With AI agents, the key to great results is not about crafting complex prompts. Instead, it's about 'context engineering'—loading your agent with rich information via files like 'agents.md'. This allows simple commands like 'write a cold email' to yield highly customized and effective outputs.
Model-Context Protocol (MCP) is a standardized layer that allows an LLM to communicate with various software tools without needing custom integrations for each. It acts like a universal translator, enabling the LLM to 'speak English' while the MCP handles communication with each tool's unique API.
Treat AI 'skills' as Standard Operating Procedures (SOPs) for your agent. By packaging a multi-step process, like creating a custom proposal, into a '.skill' file, you can simply invoke its name in the future. This lets the agent execute the entire workflow without needing repeated instructions.
Go beyond single-use skills by chaining them together. For instance, a daily 'morning brief' skill can be designed to automatically trigger a 'podcast guest research' skill whenever a podcast is detected on your calendar. This creates complex, multi-layered automations that run without manual intervention.

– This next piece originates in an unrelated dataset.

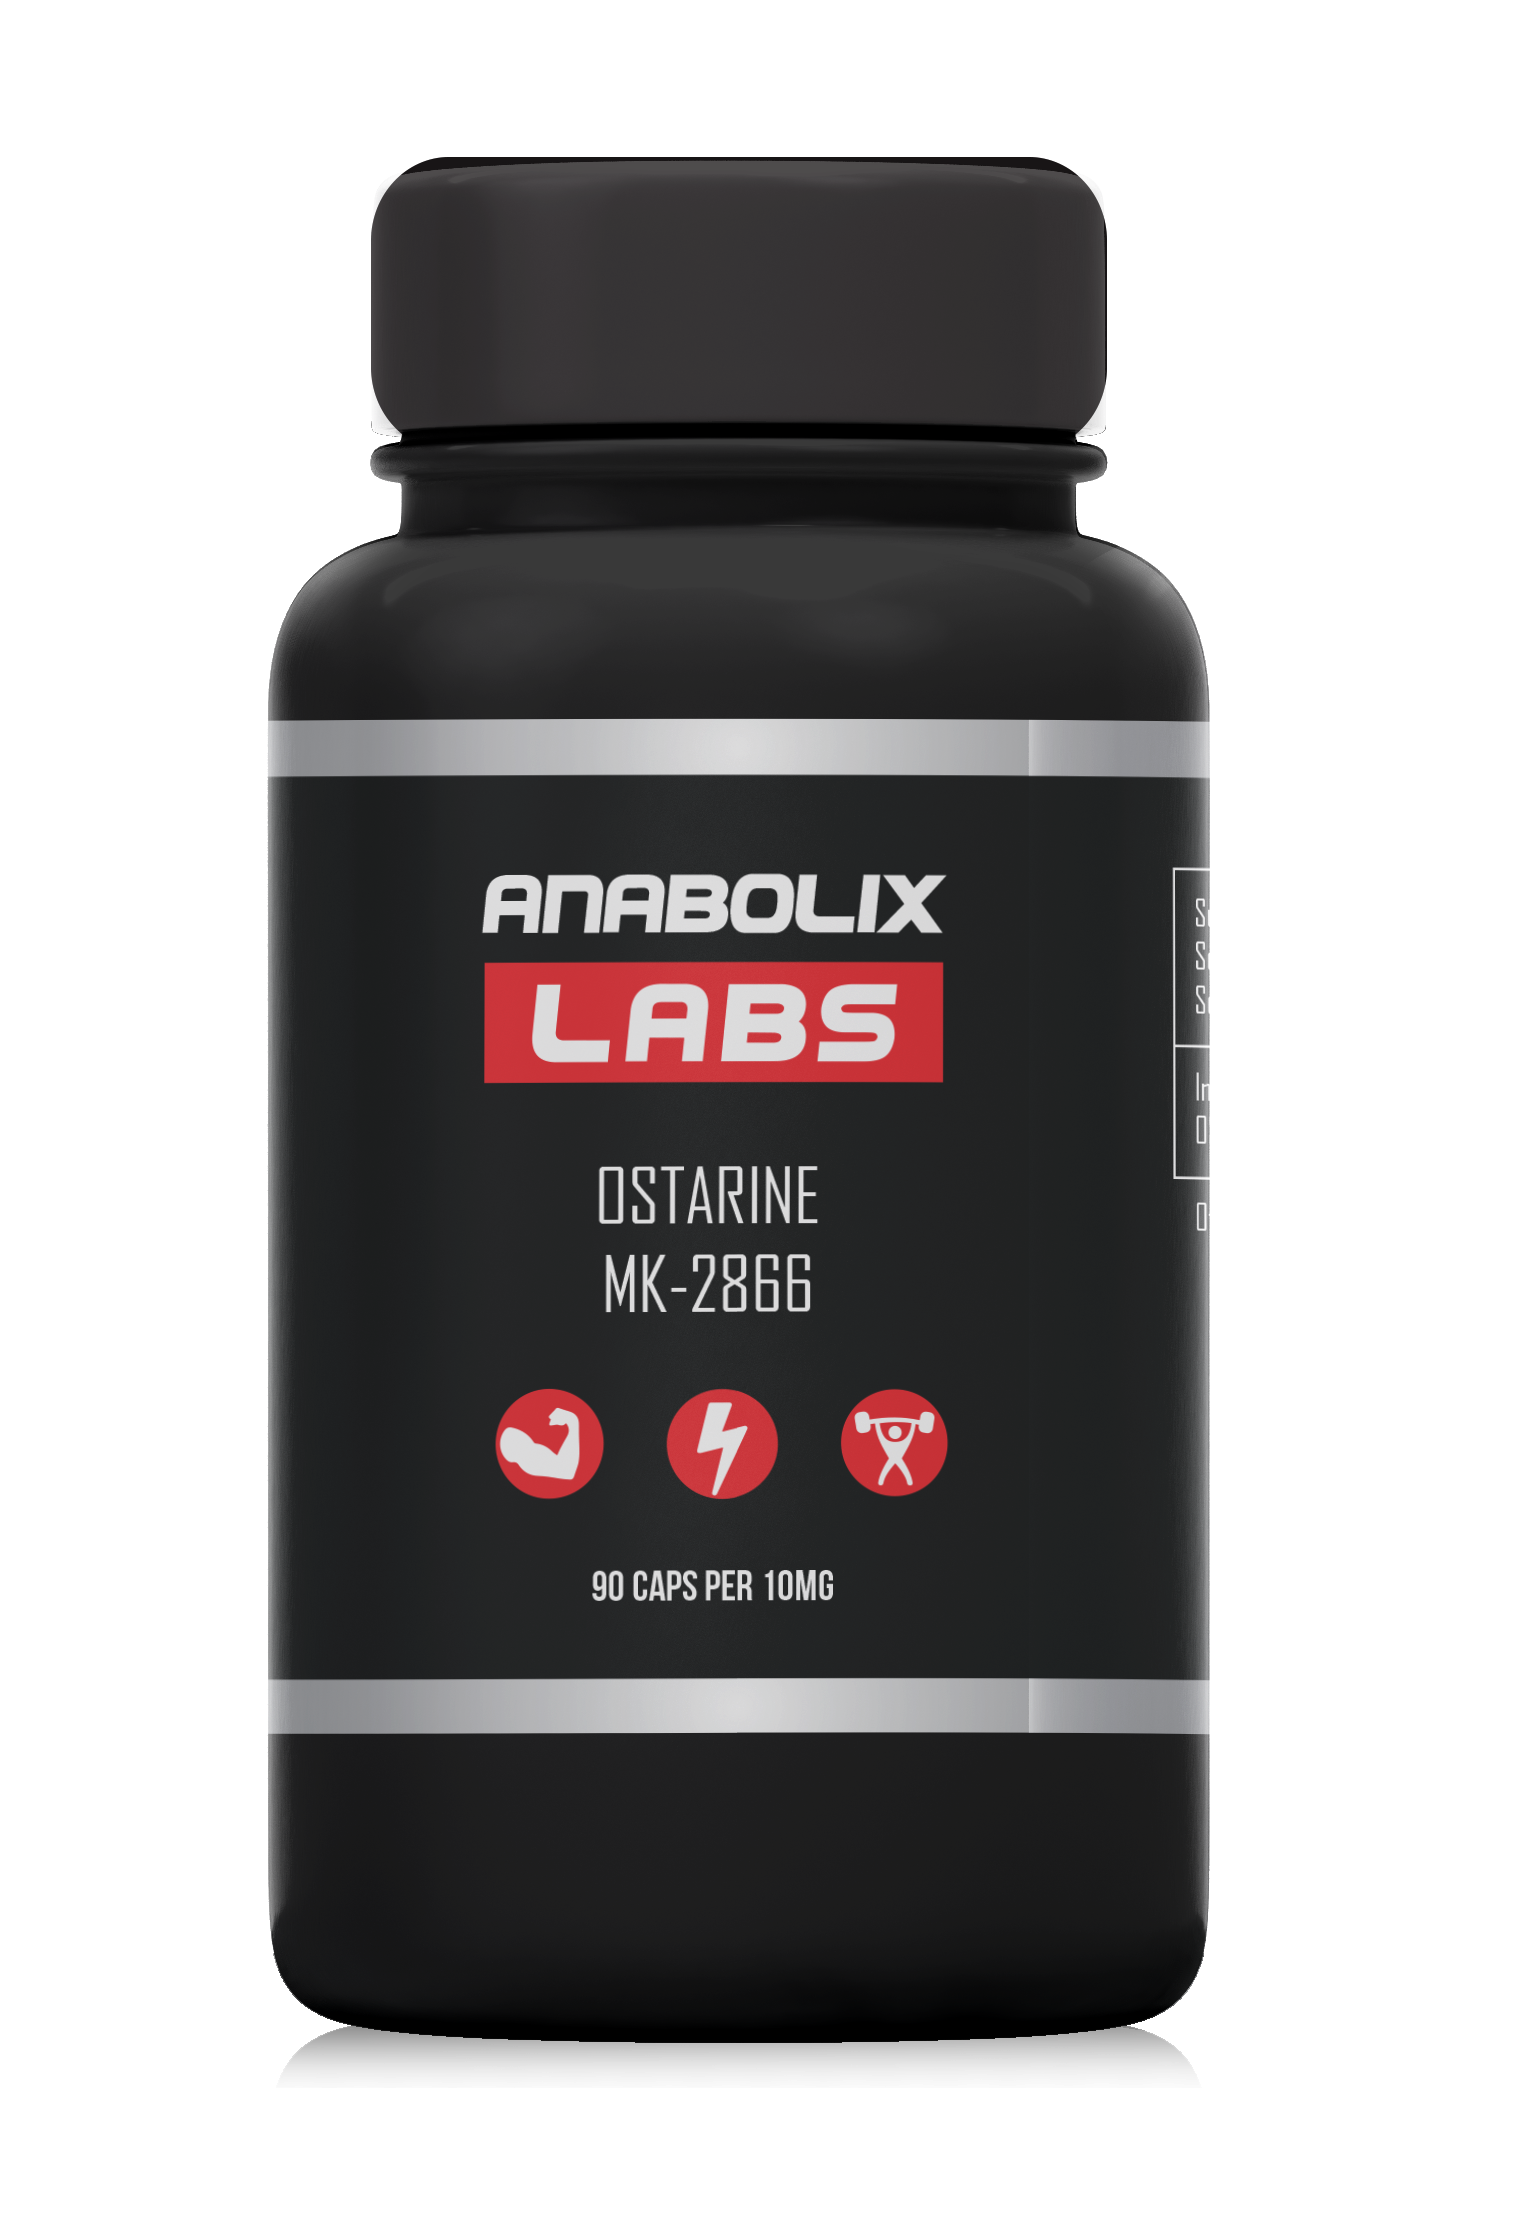 Ostarine   Anabolix Labs

To keep your AI agent efficient, differentiate between global and project-level skills and context files. General-purpose tools, like a text truncation skill, should be global. Specific processes, like a referral template, should be kept at the project level to avoid cluttering every interaction.
Instead of building skills from scratch, first complete a task through a back-and-forth conversation with your agent. Once you're satisfied with the result, instruct the agent to 'create a skill for what we just did.' It will then codify that successful process into a reusable file for future use.